The task – A partial copy is required: transcribe exactly the lines from the one containing "DISCOUNT - Griekenland" through the last line below, without any pictures.

Data below –

_ _ _ _ _ _ _

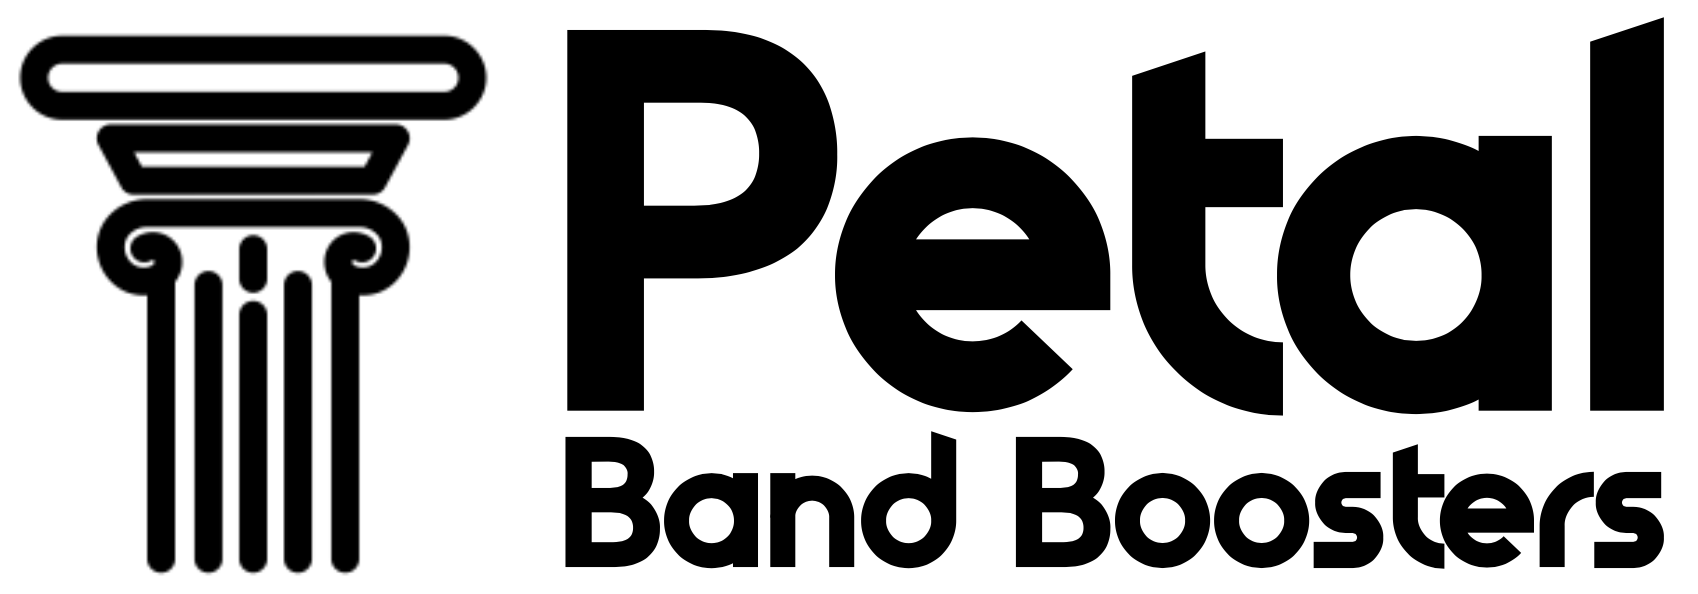 Petal Band Boosters
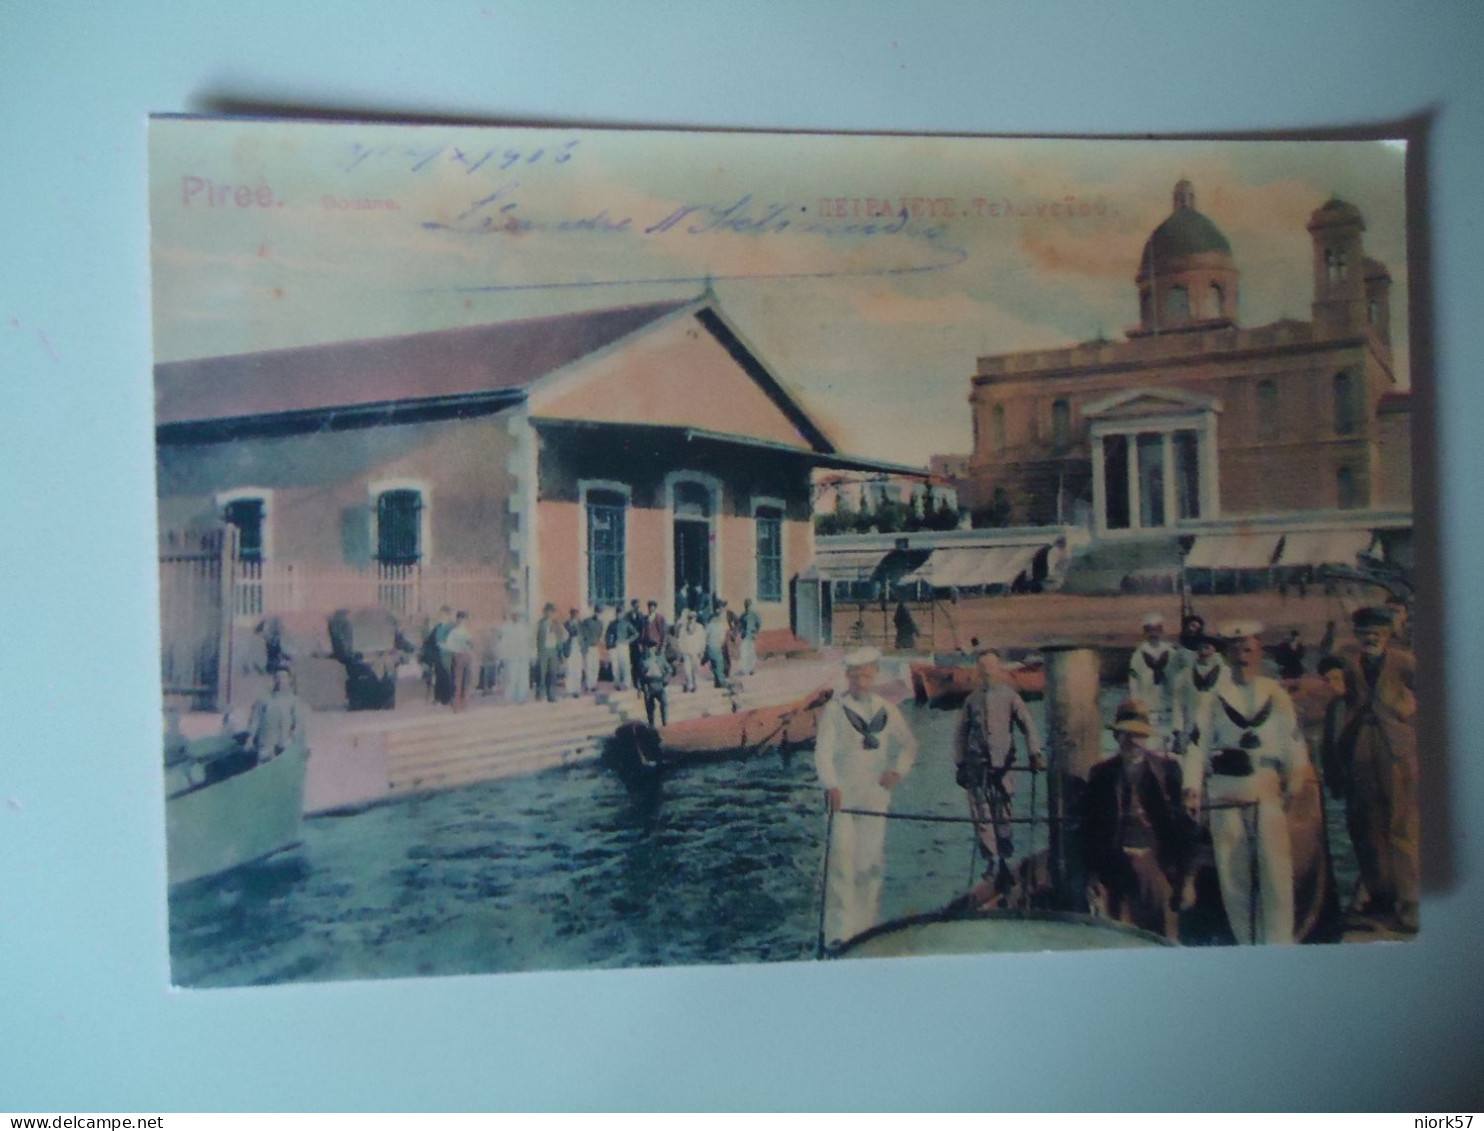 GREECE  POSTCARDS  1906 ΠΕΙΡΑΙΕΥΣ  ΙΣΩΣ  ΑΝΑΤΥΠΩΣΗ   FOR MORE PURCHASES 10% DISCOUNT - Griekenland
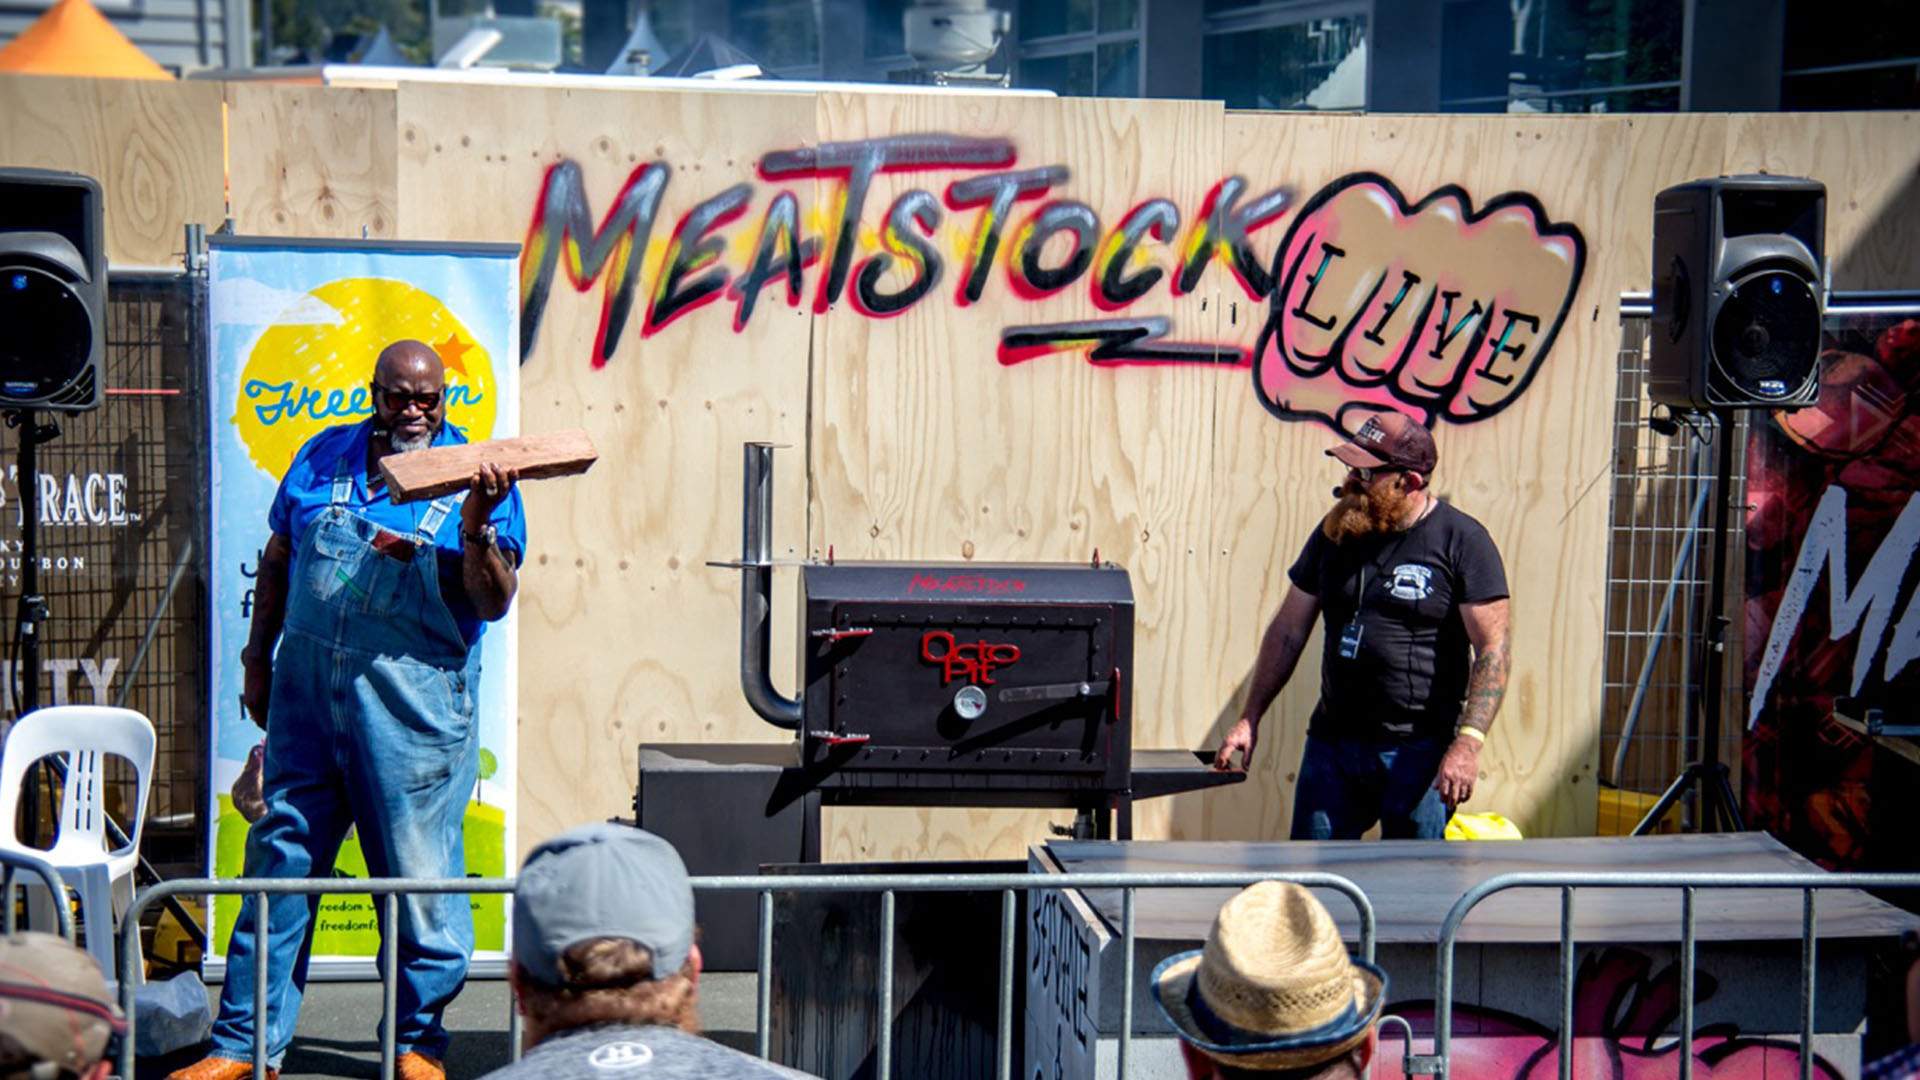 Two-Day Meat Festival Meatstock Is Coming Back for Its Second Year

_ _ _ _ _ _ _

Result for this task –
 GREECE  POSTCARDS  1906 ΠΕΙΡΑΙΕΥΣ  ΙΣΩΣ  ΑΝΑΤΥΠΩΣΗ   FOR MORE PURCHASES 10% DISCOUNT - Griekenland
 Two-Day Meat Festival Meatstock Is Coming Back for Its Second Year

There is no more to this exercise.